Hi Maarten,
Sorry for the late response.
Maarten Litmaath wrote:
> Hi Luís,
>
>
>> Since I'm having some problems with in site's CE (axon-g01.ieeta.pt):
>>
>> *************************************************************
>> BOOKKEEPING INFORMATION:
>> Status info for the Job : https://wms208.cern.ch:9000/4VVMBlRExMpZUwKUf5cwdg
>> Current Status: Aborted
>> Logged Reason(s):
>> - File not available.Cannot read JobWrapper output, both from Condor and from Maradona.
>> Status Reason: hit job shallow retry count (1)

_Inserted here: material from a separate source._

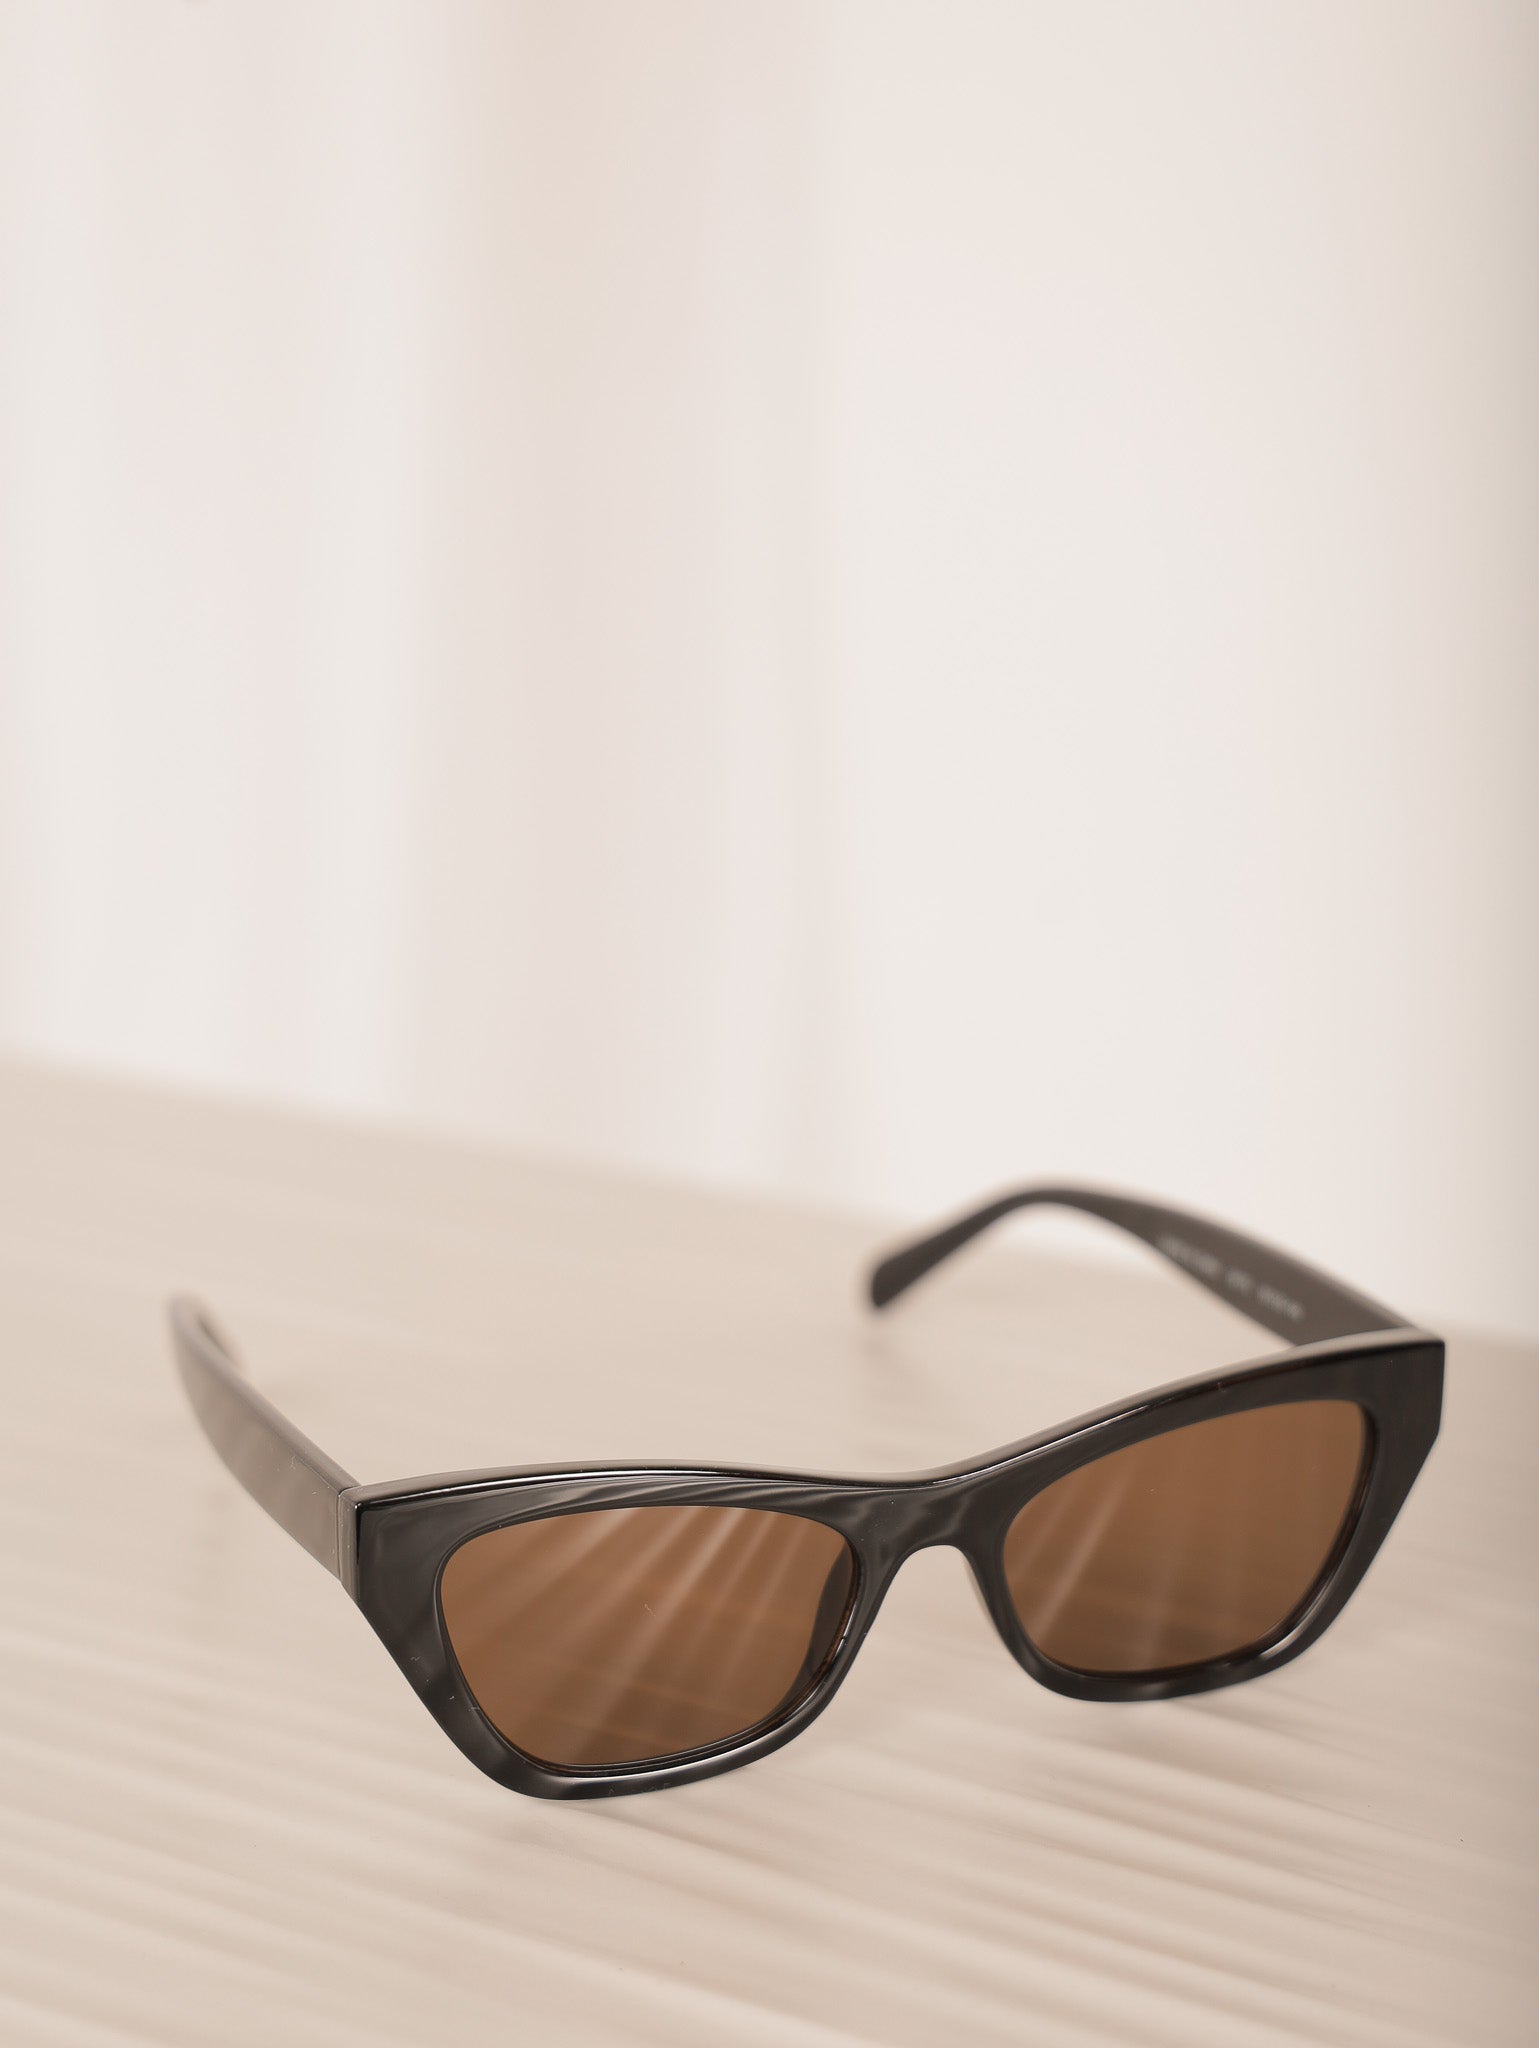 Molly Green - Myrtle Sunnies - Accessories
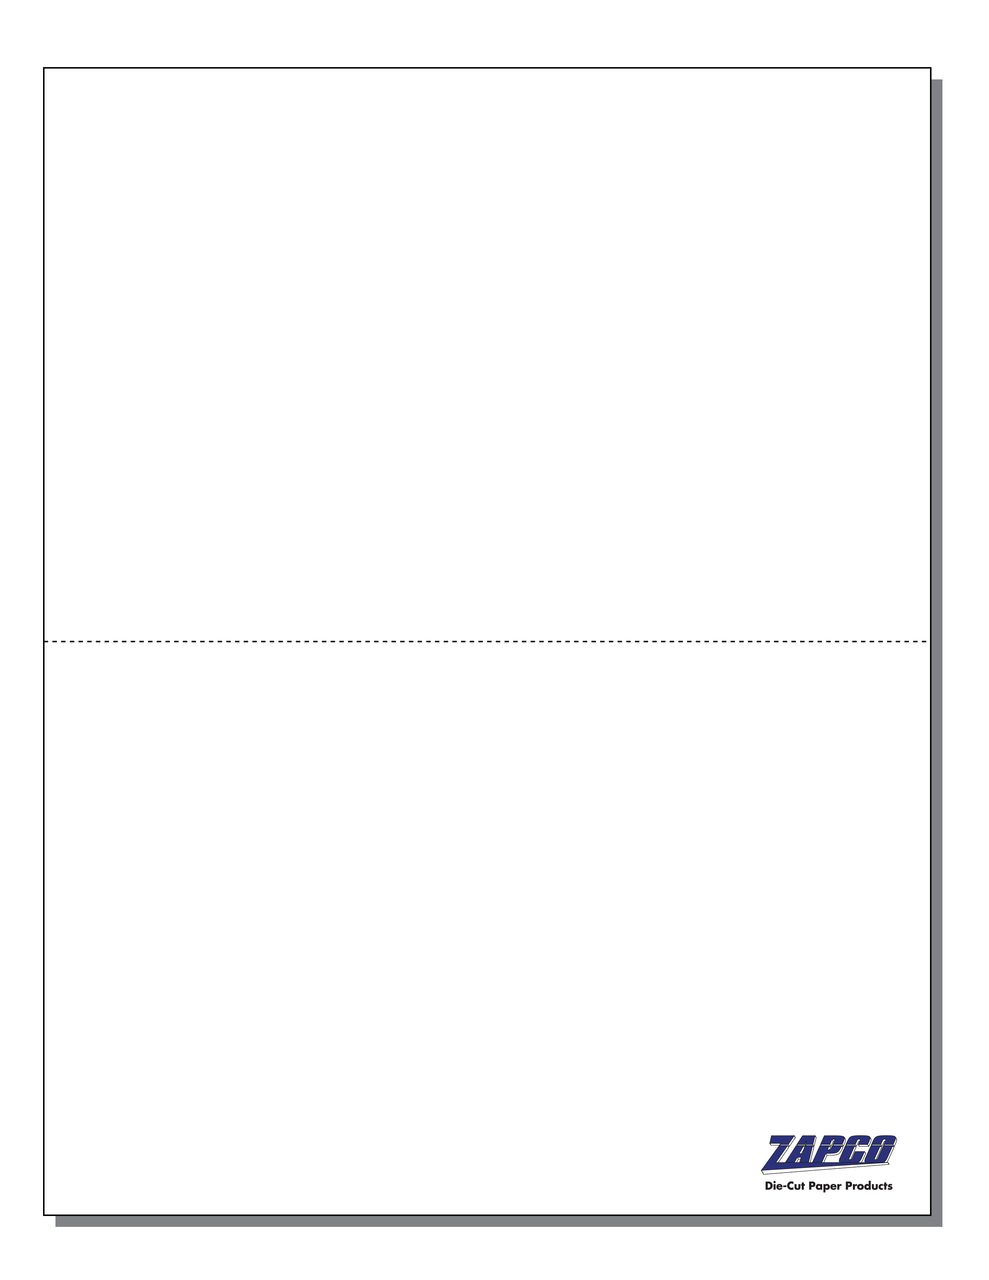 Item 614: 2-Up 5 1/2" x 8 1/2" Post Card with Perf 8 1/2" x 11" Sheet

>> Destination: axon-g01.ieeta.pt:2119/jobmanager-lcgpbs-ops
>> Submitted: Sat Jul 11 22:02:16 2009 CEST
>> *************************************************************
>>
>> https://lcg-sam.cern.ch:8443/sam/sam.py?funct=ShowHistory&vo=ops&nodename=axon-g01.ieeta.pt&sensors=CE
>>
>>
>> I thought they were related to what believed to be a gridmap inconsistency.
>>
>
> That error has a Wiki entry:
>
> http://goc.grid.sinica.edu.tw/gocwiki/Cannot_read_JobWrapper_output...
>
> An example job seems to start OK, but is found finished about 15 minutes later:
>
> -----------------------------------------------------------------------------
> Event: Running
> - Arrived = Sun Jul 12 01:19:21 2009 CEST
> - Host = wms208.cern.ch
> - Node = gt2 axon-g01.ieeta.pt:2119/jobmanager-lcgpbs
> - Source = LogMonitor
> - Src instance = unique
> - Timestamp = Sun Jul 12 01:19:21 2009 CEST
> - User = /DC=ch/DC=cern/OU=Organic Units/OU=[...]
> ---
> Event: Done
> - Arrived = Sun Jul 12 01:34:07 2009 CEST
> - Exit code = 1
> - Host = wms208.cern.ch
> - Reason = File not available.Cannot read JobWrapper output,
> both from Condor and from Maradona.
> - Source = LogMonitor
> -----------------------------------------------------------------------------
>
> Does your batch system kill SAM jobs after 15 minutes?
>
I don't see why it should do that. I've not change anything in the batch
system.
> In any case, 15 minutes is too long for a SAM job: it would be hanging on
> some operation. Does your node/department/campus firewall allow outbound
> access to port 8446?
>
The 8446 port is open.
Regards,
luis
|